Jalpa Trivedi (MongoDB) and her son
"One thing I would like to call out is the full support I've received from my team and manager, along with the ability to work flexible hours. That is a huge contributing factor in my current success in work and personal life balance." Jalpa Trivedi, Senior Software Engineer, MongoDB, New York
"Working at CSL requires flexibility in schedules to meet the demands of varying geographies and time zones. Our leaders understand that we have personal obligations outside of the workplace and are understanding when flexibility is needed for schooling, doctor appointments, and other obligations." Tracey Lambalot, Director, Global Talent Acquisition, CSL, Florida
"I've found it easier to recover from 'meeting' interruptions than 'independent work' interruptions. If I need to think deeply about something, I'll try to find a partner to work it through with me in a meeting. If I get interrupted by my kids (which is nearly inevitable these days!), my coworker can get me back on track quickly." - Kimberly Wiederkehr, Staff Engineering Manager, Flatiron, New York
Teach your kids about the world of work — and project management!

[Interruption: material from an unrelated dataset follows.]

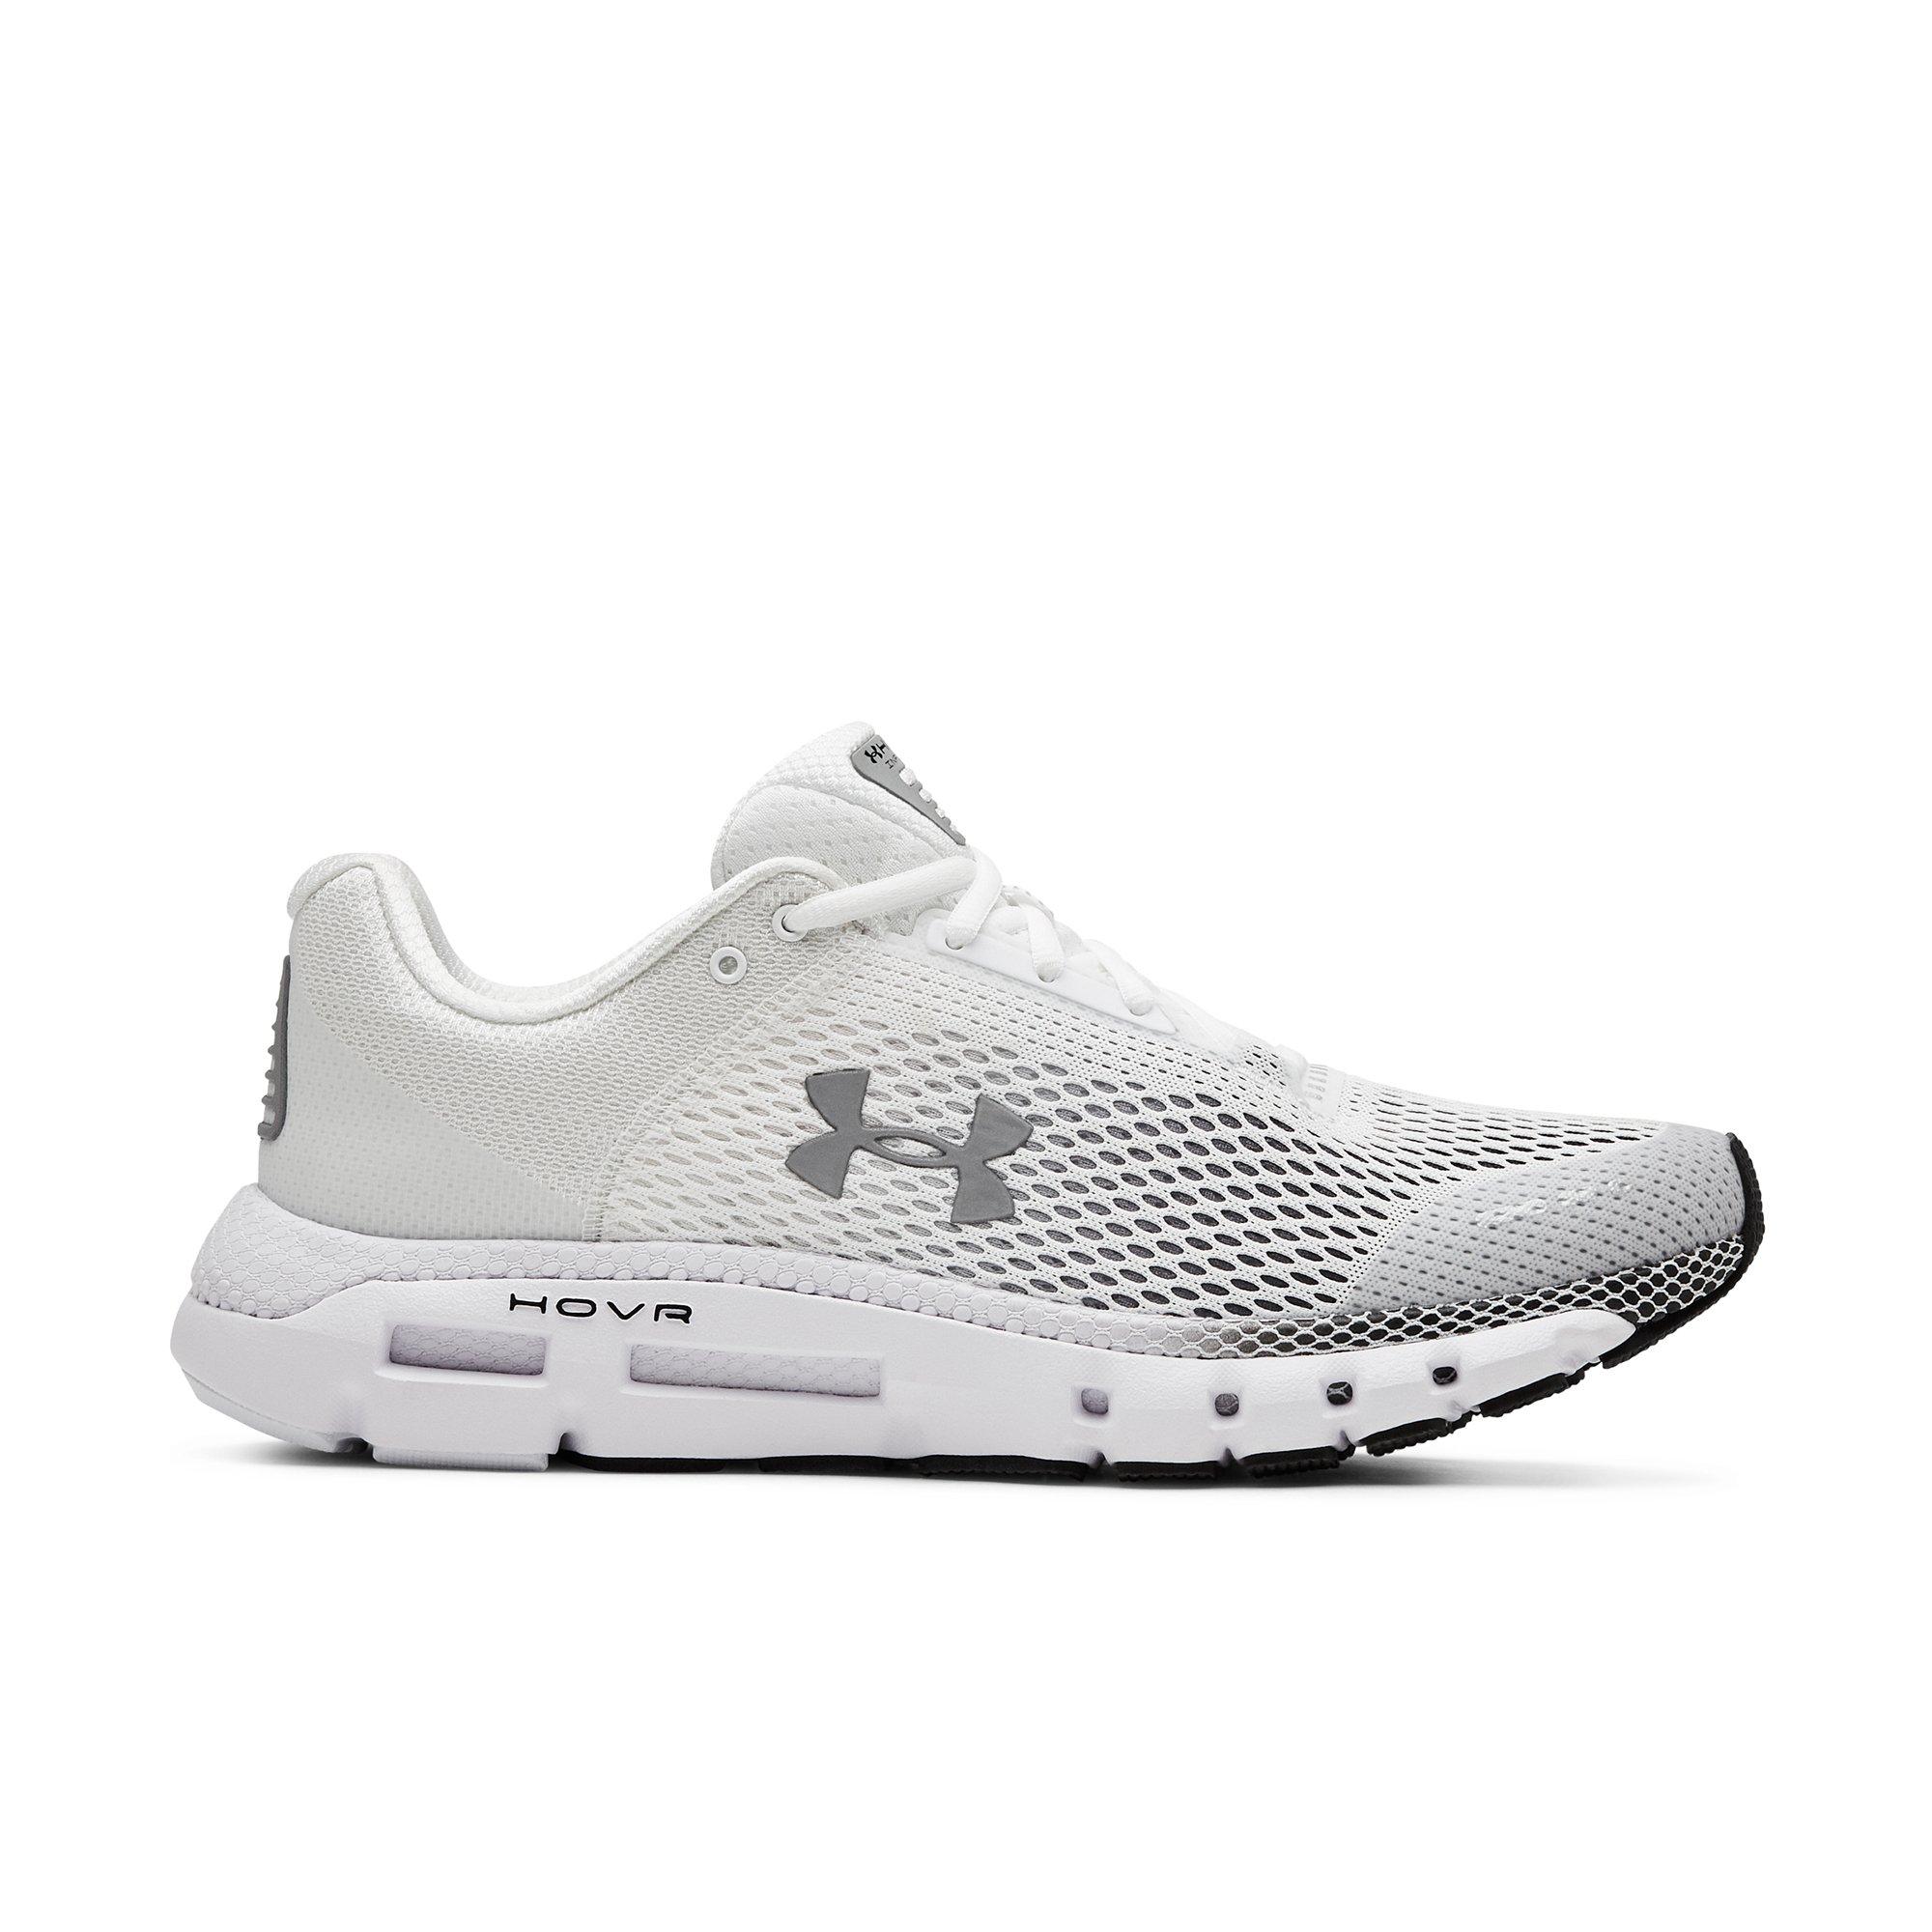 under armour hovr white gold

"I have 2 amazing sons that are 11 and 14 yrs old and am the wife of a firefighter. My creative hack has been the introduction of Trello to my kids. They each have a board where we outline the school activities for the day and other items like chores and exercise. As they complete their activities, they move the cards to the done column which sends a notification to me. If they have questions during the day, they can input the questions into the Trello card and we can communicate back and forth. It has been a really good system for us and they enjoy the sense of accomplishment at the end of the day when all their cards are in DONE." - Melissa Koehler VP, Product Delivery and Chief of Staff for Technology, CNN Digital, Atlanta, GA
"I have 2 teenagers (13 and 15 years old). They pretty much handle online learning on their own, but I have a set time where I review their week's course work individually and across all subjects (I call it "weekly accomplishments") so they know Mom is still very engaged and cares about their learning." - Patty Chu, Senior Director Makers Ops, Flexport, SF
"My creative hack was to immaculate bi-weekly team meetings. This gives my teens an opportunity to present verbal progress reports, which gives them a chance to work on their public speaking. Our 'WFH Team' uses this as an opportunity to motivate improvement, ensure that all assignments are on task, and encourage enthusiasm and positivity." - Catherine Camarena, Mechanical Designer, Viasat, Duluth
"While working remotely full-time with my two-year-old daughter at home has definitely been a challenge, it has also been a way for her to begin to somewhat understand what my job is. I ordered my daughter a pretend laptop and pretend cell phone. Whenever I am taking calls or sending emails, she likes to sit next to me and pretends to work as well. The other day, she said she couldn't come on an afternoon walk with us because she had to 'take a meeting.' She used to only associate work equating to me leaving the house, and now she associates it with talking to people and helping 'moms and dads find a place to work.'" - Carly Tashjian, Recruiter, DigitalOcean, New York
Be flexible with your schedule (and yourself) and safeguard family time.
"The one thing that's really made a difference has been booking all of my meetings myself instead of having others book them. It's the only way I've been able to exercise some degree of control over my day and create the space that my family needs." - Eva Rijser, VP Global Communications, Flexport, SF"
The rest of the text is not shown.